I have been fiddling about with pandas.DataFrame.rolling
for some time now and I haven't been able to achieve the result that I am looking for, so before I write a custom windowing function I figured I would ask if I'm missing something.
I have postgresql data with a composite index of (time, node)
that has been read into a pandas.DataFrame
, where time
is a certain hour on a certain date. I need to create windows that contain all entries within the last two calendar dates (or any arbitrary number of days), for example, beginning at 2022-12-26 00:00:00
and ending on 2022-12-27 23:00:00
, and then perform operations on that window to return a new, resultant DataFrame. The window should then move forward an entire calendar date, which is where I am failing.
| time | node | value |
| --------------------- | ----- | ------ |
| 2022-12-26 00:00:00 | 123 | low |
| 2022-12-26 01:00:00 | 123 | med |
| 2022-12-26 02:00:00 | 123 | low |
| 2022-12-26 03:00:00 | 123 | high |
| ... | ... | ... |
| 2022-12-26 00:00:00 | 999 | low |
| 2022-12-26 01:00:00 | 999 | low |
| 2022-12-26 02:00:00 | 999 | low |
| 2022-12-26 03:00:00 | 999 | med |
| ... | ... | ... |
| 2022-12-27 00:00:00 | 123 | low |
| 2022-12-27 01:00:00 | 123 | med |
| 2022-12-27 02:00:00 | 123 | low |
| 2022-12-27 03:00:00 | 123 | high |
When I use something akin to df.rolling(window=pd.Timedelta('2days')

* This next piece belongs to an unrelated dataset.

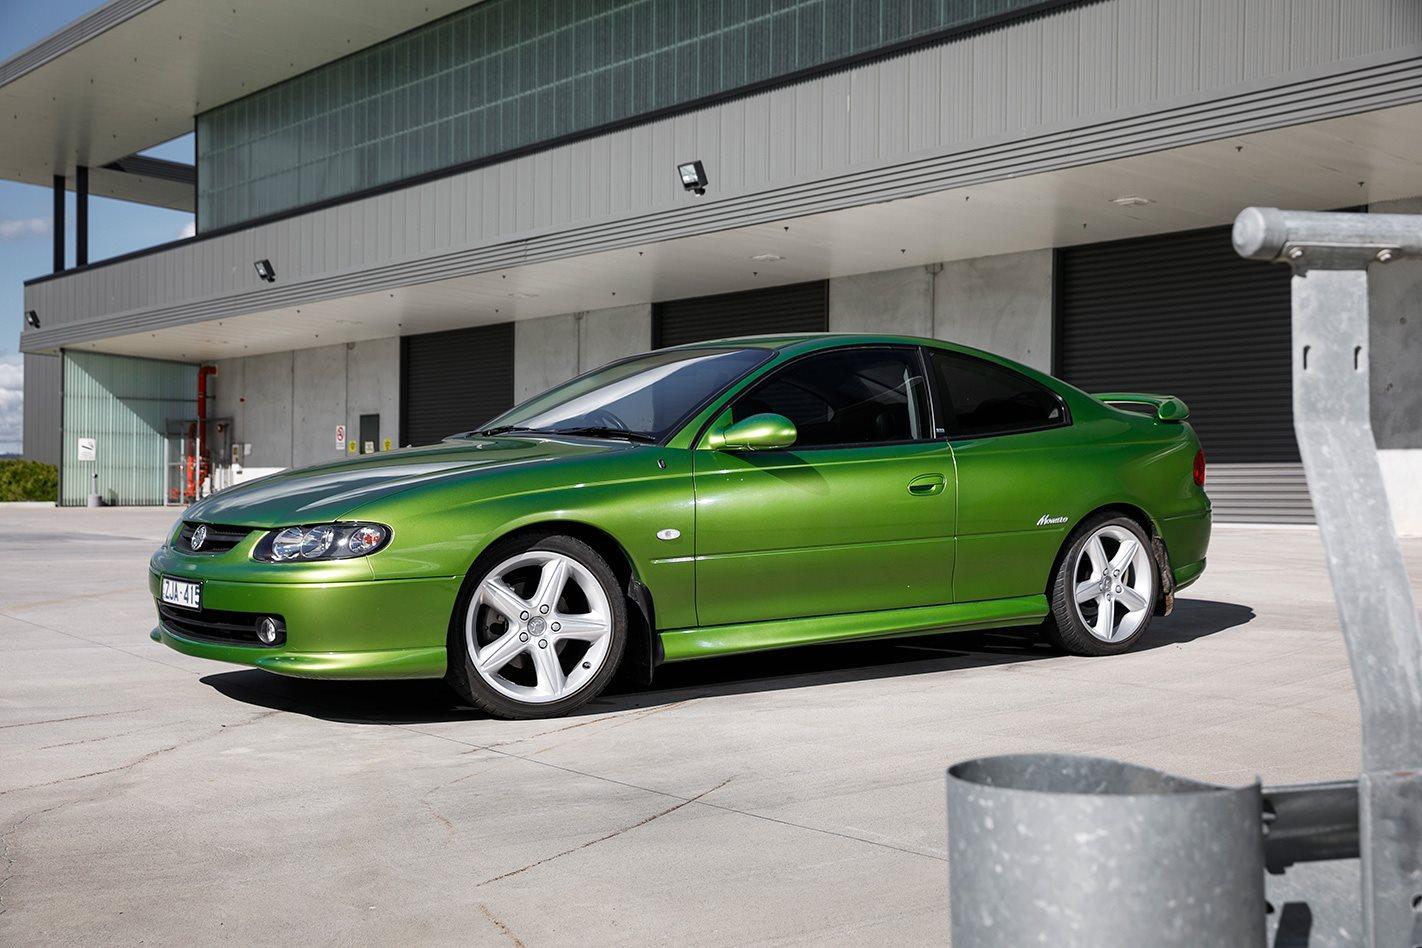 Holden Monaro exterior.jpg

, the windows move forward hour-by-hour, as opposed to beginning on the next calendar date.
I've played around with using min_periods
, but it doesn't seem to work with my data, nor would it be acceptable in the long run because the number of expected observations per window is not fixed regardless. The step
parameter also appears to be useless in this case because I am using an offset versus an integer for the window anyways.
Is the behaviour I am looking for doable with pandas.DataFrame.rolling
or must I look elsewhere/write my own windowing function?
Any guidance would be appreciated. Thanks!
So from what I understand, you want to create windows of length ndays
and the next window should start with the next day.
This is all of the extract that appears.